Exercise data below:
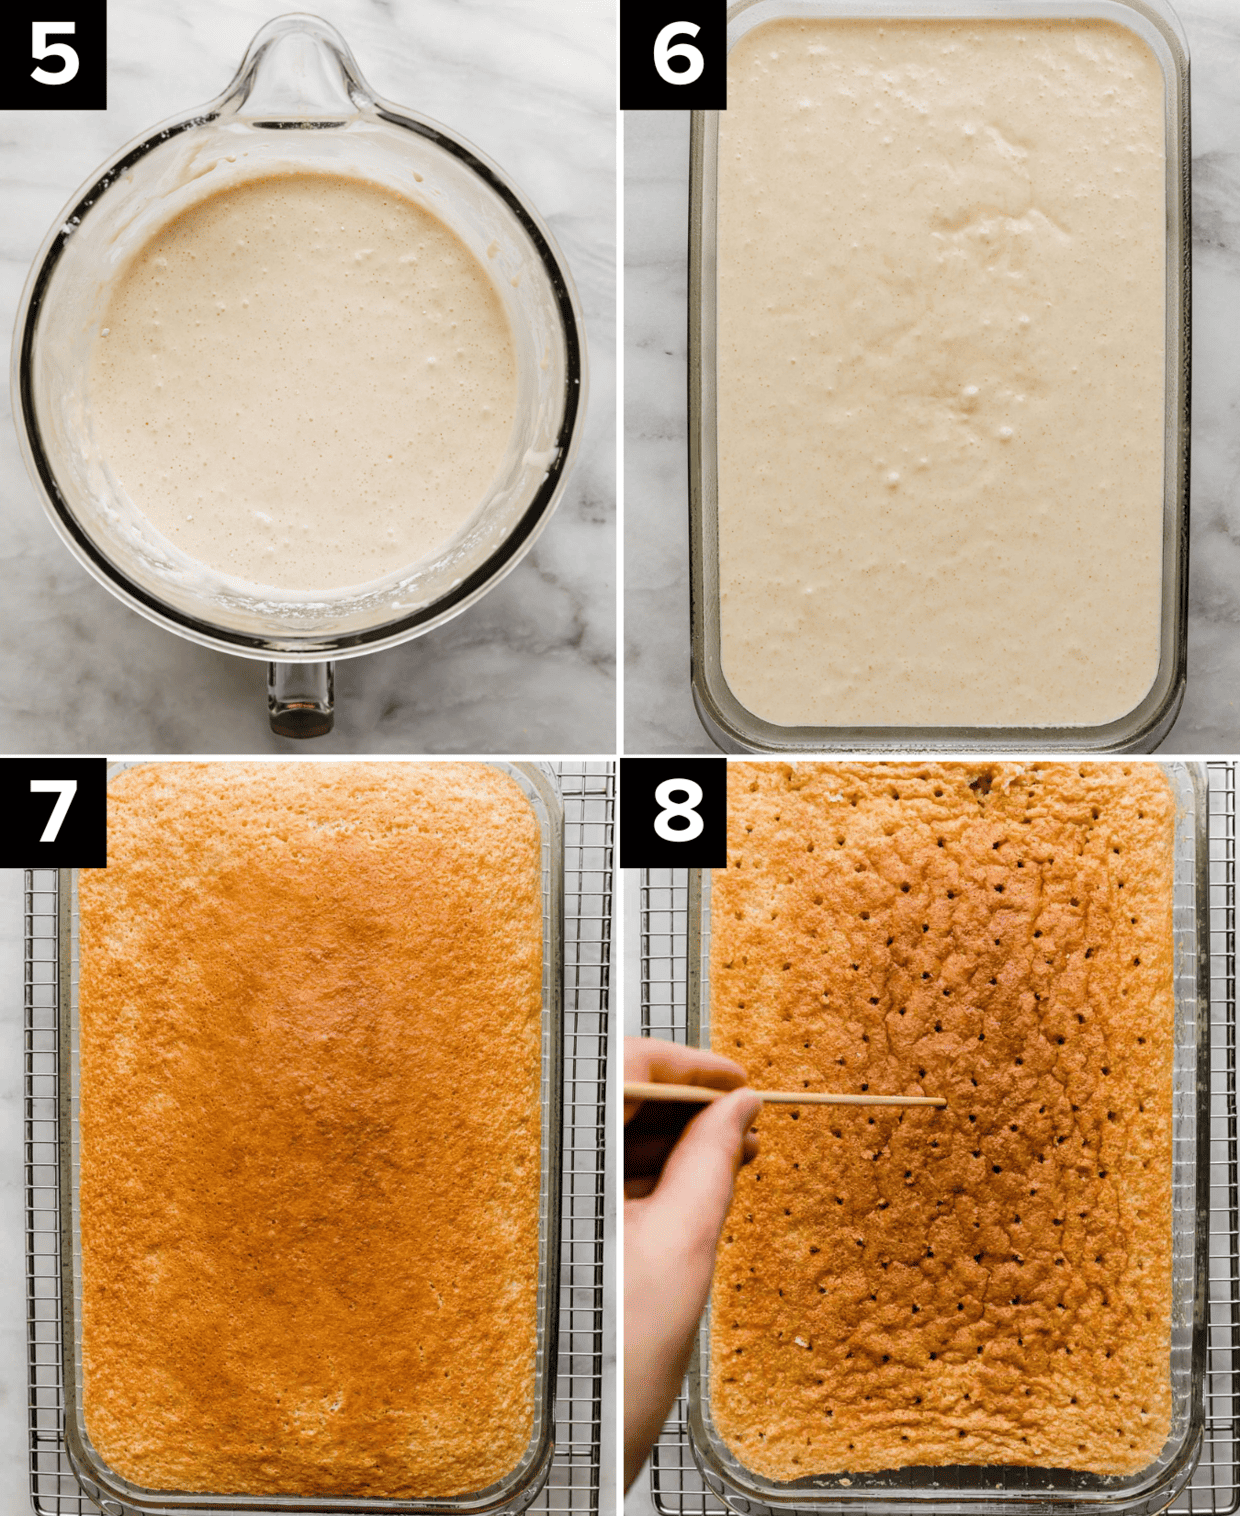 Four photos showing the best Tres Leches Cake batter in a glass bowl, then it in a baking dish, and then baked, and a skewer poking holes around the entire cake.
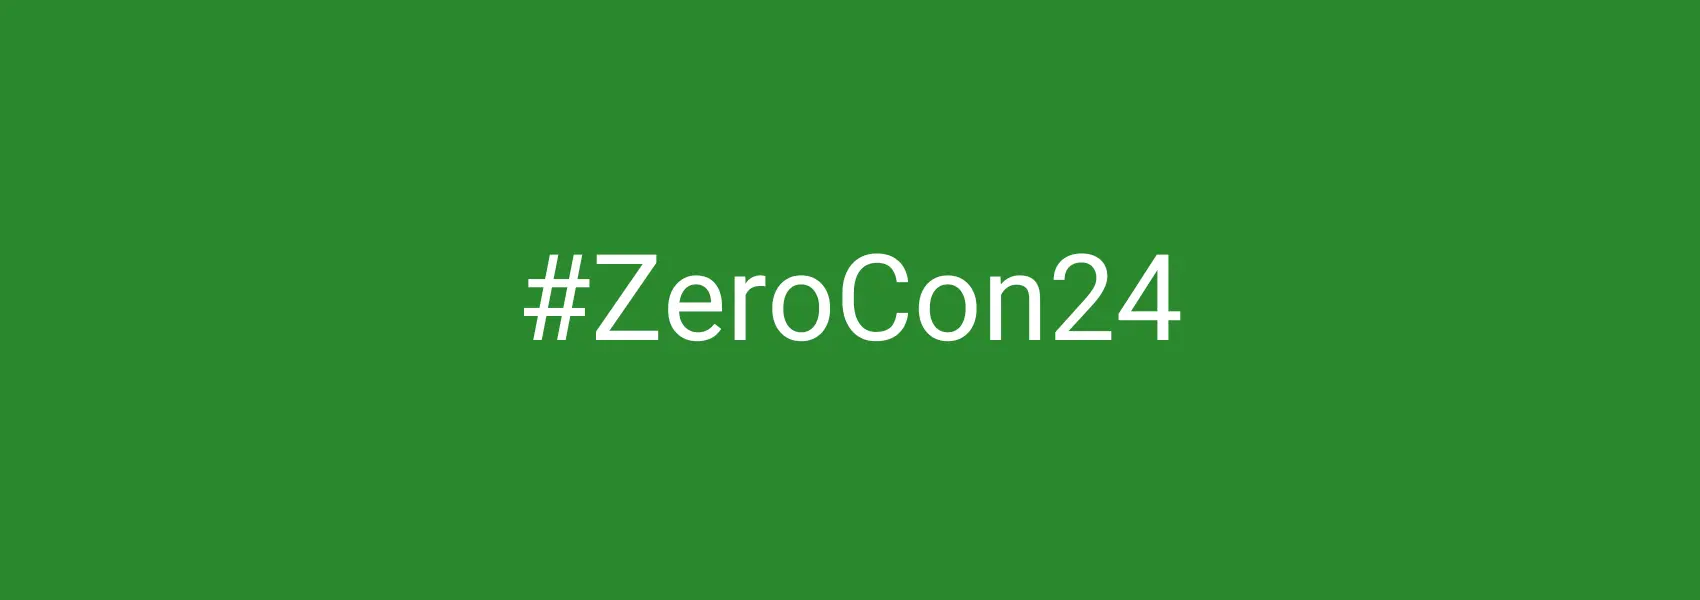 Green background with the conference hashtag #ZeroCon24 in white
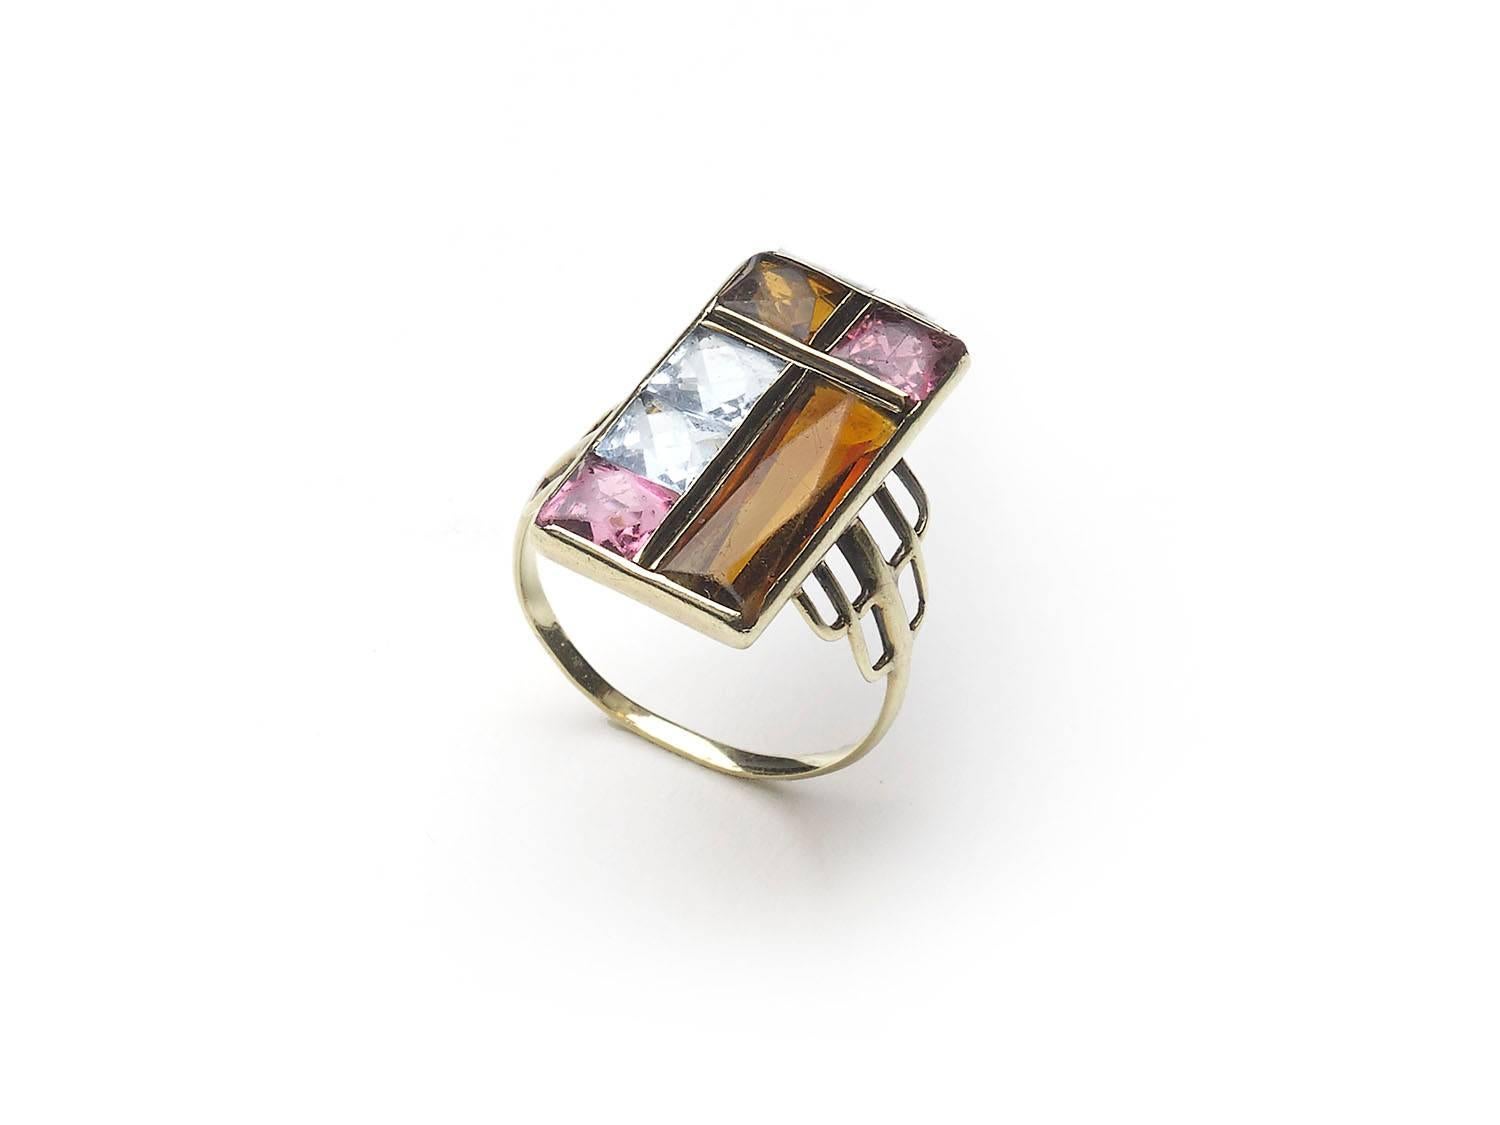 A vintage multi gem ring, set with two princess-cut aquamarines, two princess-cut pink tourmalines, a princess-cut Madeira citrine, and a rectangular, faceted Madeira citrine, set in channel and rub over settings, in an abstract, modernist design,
End of Exercise data.
What to do:
The whole listing should be restated word for word, with no pictures.

Task result:
 Four photos showing the best Tres Leches Cake batter in a glass bowl, then it in a baking dish, and then baked, and a skewer poking holes around the entire cake.
 Green background with the conference hashtag #ZeroCon24 in white
 A vintage multi gem ring, set with two princess-cut aquamarines, two princess-cut pink tourmalines, a princess-cut Madeira citrine, and a rectangular, faceted Madeira citrine, set in channel and rub over settings, in an abstract, modernist design,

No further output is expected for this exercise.